**Exercise data**

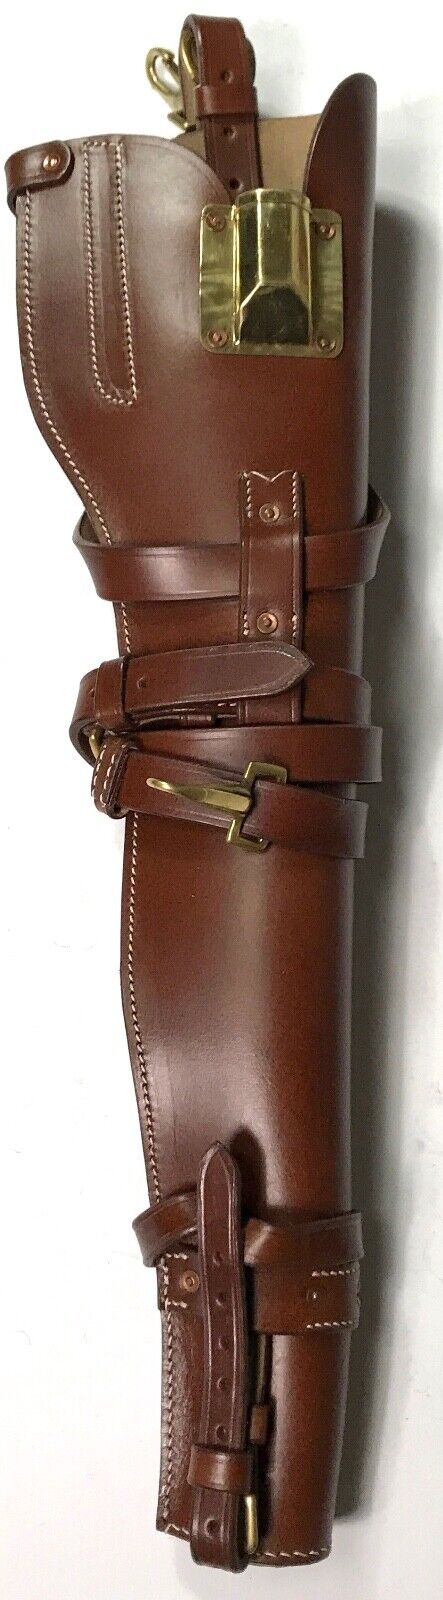  WWII US M1 CARBINE RIFLE LEATHER CARRY SCABBARD
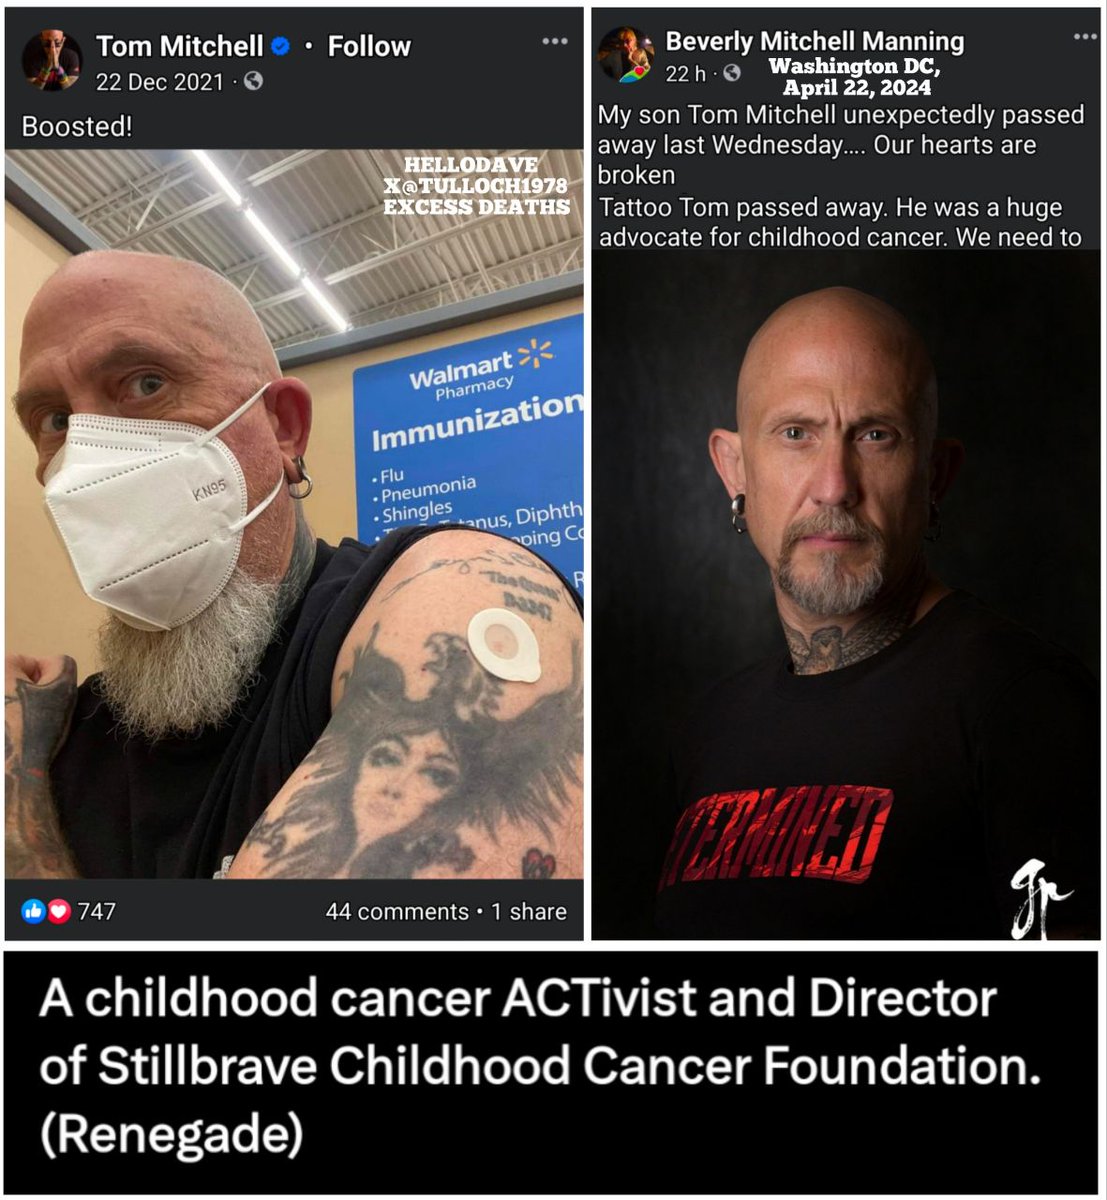 Washington DC, Tattoo Tom, Childhood Cancer Activist, died suddenly (April 2024) 'Boosted'

'My son Tom Mitchell unexpectedly passed away last Wednesday…. Our hearts are broken.'

**Task details**
Once the pictures are set aside, output the whole listing exactly.

**Exercise output**
  WWII US M1 CARBINE RIFLE LEATHER CARRY SCABBARD
 Washington DC, Tattoo Tom, Childhood Cancer Activist, died suddenly (April 2024) 'Boosted'

'My son Tom Mitchell unexpectedly passed away last Wednesday…. Our hearts are broken.'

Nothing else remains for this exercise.